Since Owning Mahowny is based on a real person, there should be a wealth of supplements to round out the movie presentation. Perhaps a commentary track with the real Mahowny, or some interviews? No? Not even a short featurette on gambling addiction? No? Phooey. All we do get are trailers for Love Liza, Masked and Anonymous, Punch-Drunk Love and Owning Mahowny. Whoopee.
The Rebuttal Witnesses
There is a lot of bank mumbo-jumbo talk in the film, that while important and necessary, nevertheless kills the pacing of the film. They did do a good job whittling it down to the bare necessities saving us from page after page of bank legalese said in triplicate, but the drama it tries to build still feels hollow and fake.
The script itself is also quite boring when it comes down to it. The saving grace of the film is Hoffman's acting, and on that alone the movie is saved.
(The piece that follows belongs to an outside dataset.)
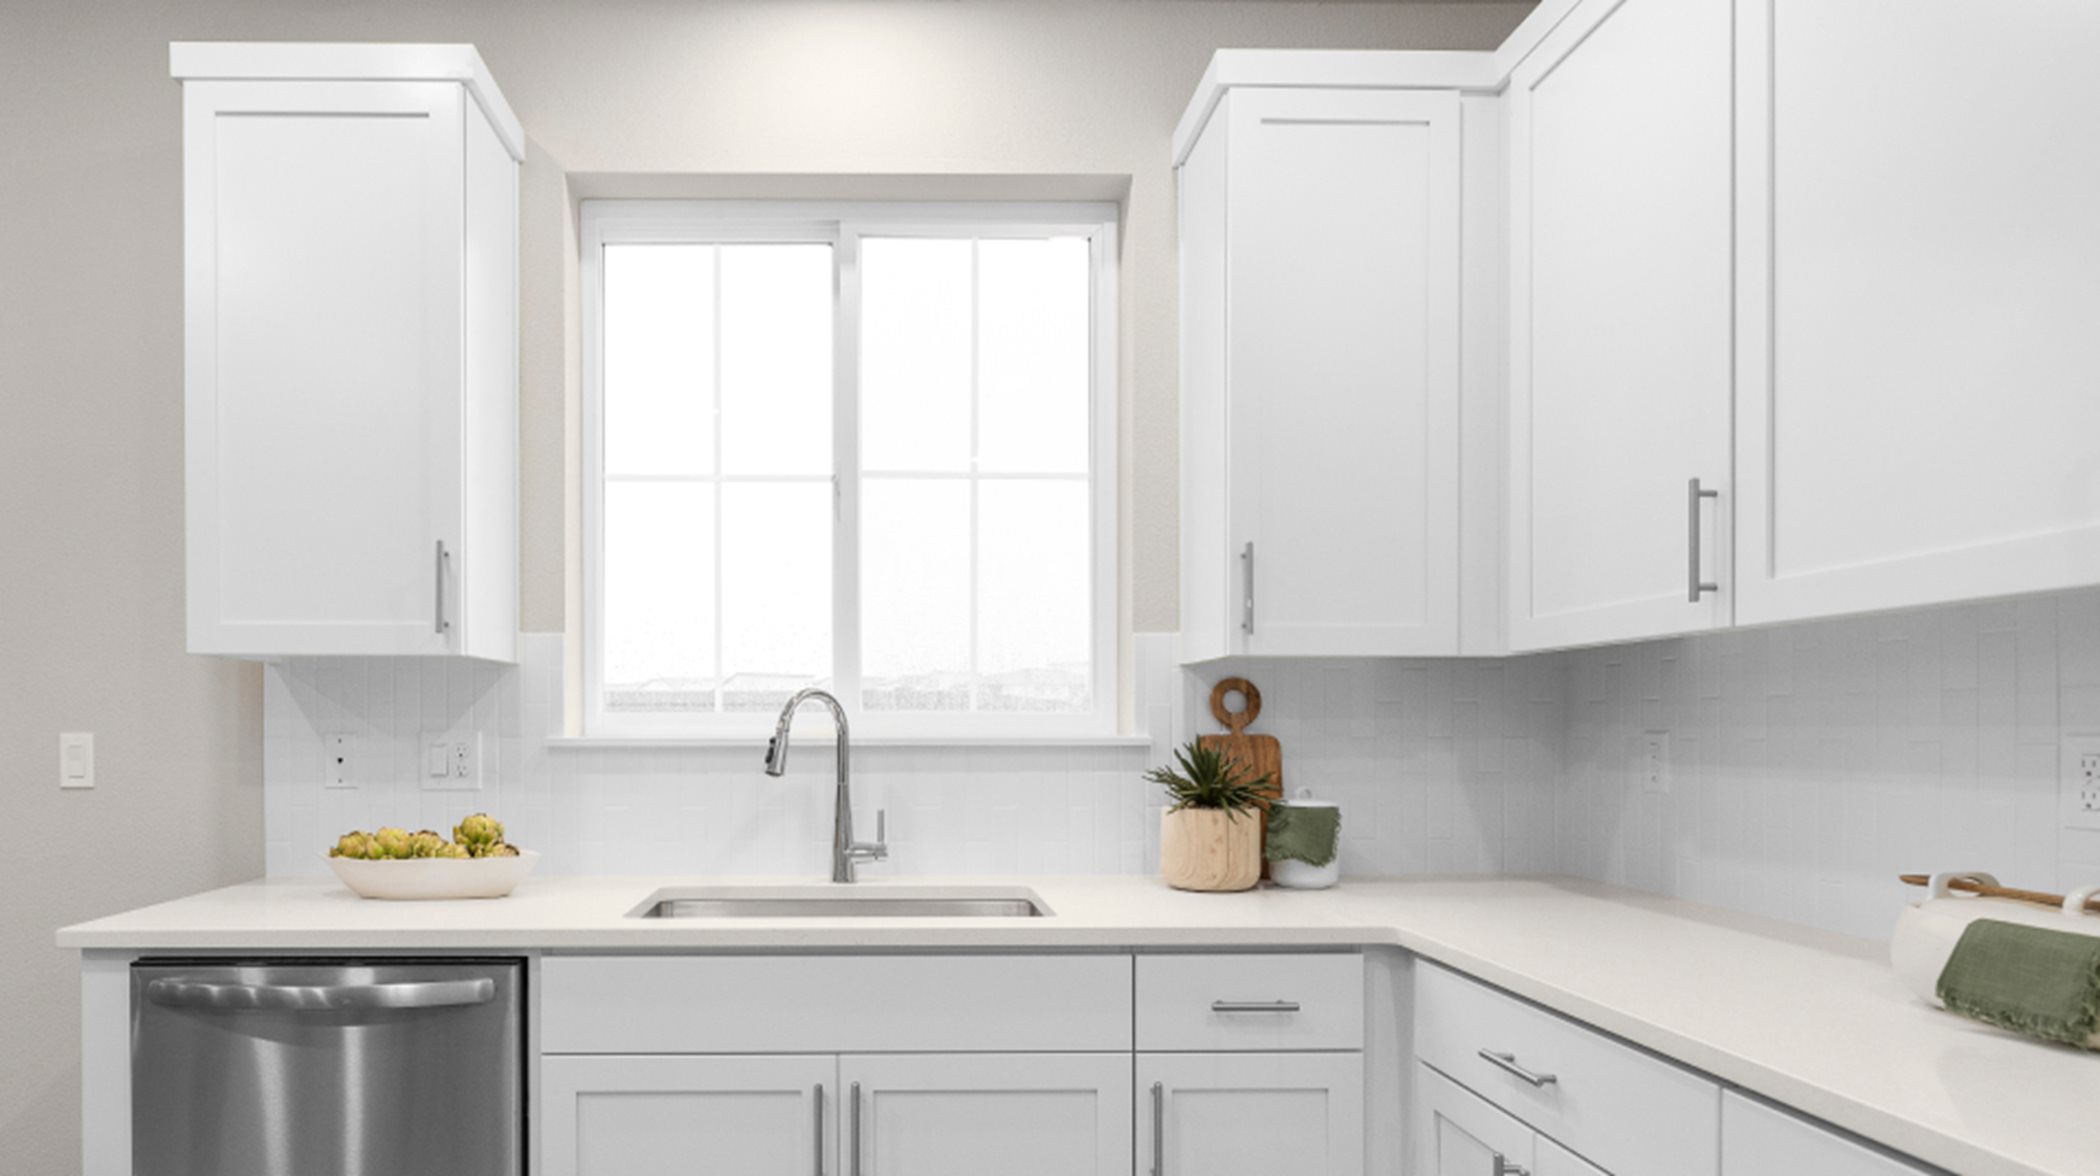 cabinetry and kitchen sink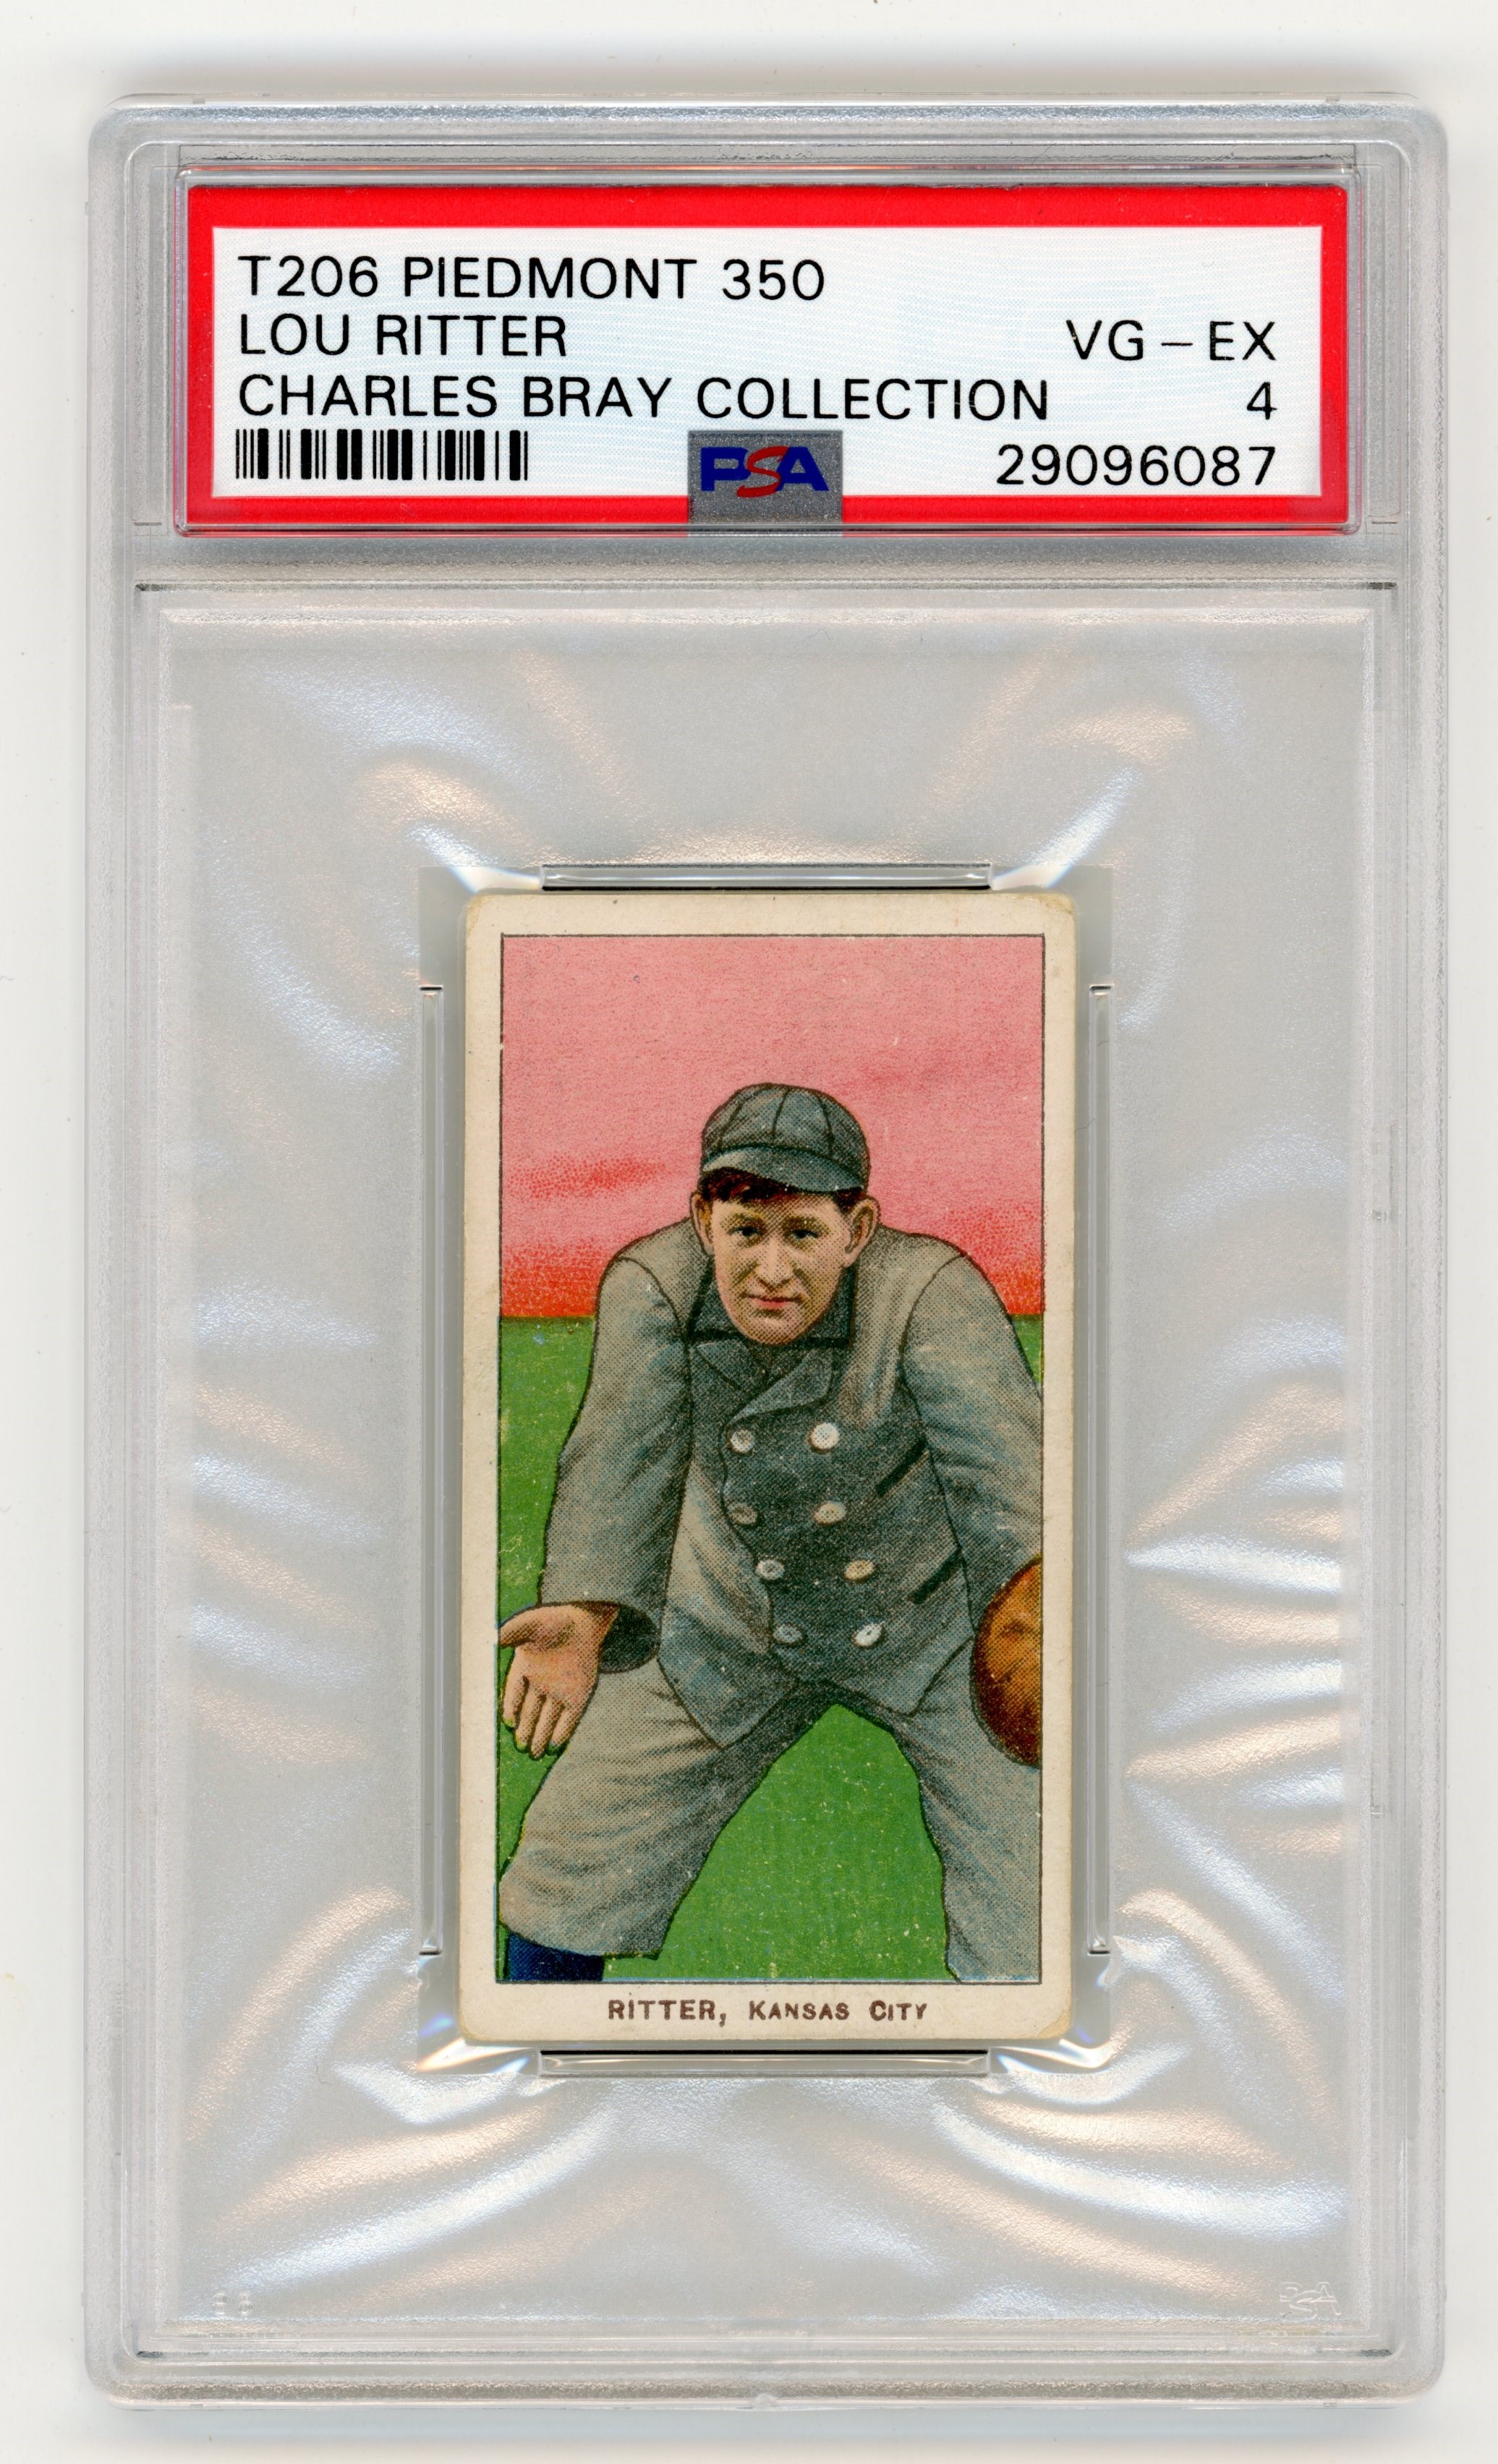 T206 Piedmont 350 Lou Ritter PSA VG-EX 4 From the Charles Bray Collection.

Owning Mahowny's DVD presentation is so lackluster that the only reason you should own this disc is to see Hoffman's performance, but a rental would do the same thing. A touchy subject matter such as gambling addiction can be a hard thing to present, even watch at time, but if a loved one you know may be headed down that dark path, show them this movie before it's too late.
Hoffman is given special commendation by this court, but Columbia is fined heavily for their treatment of the DVD. Court adjourned.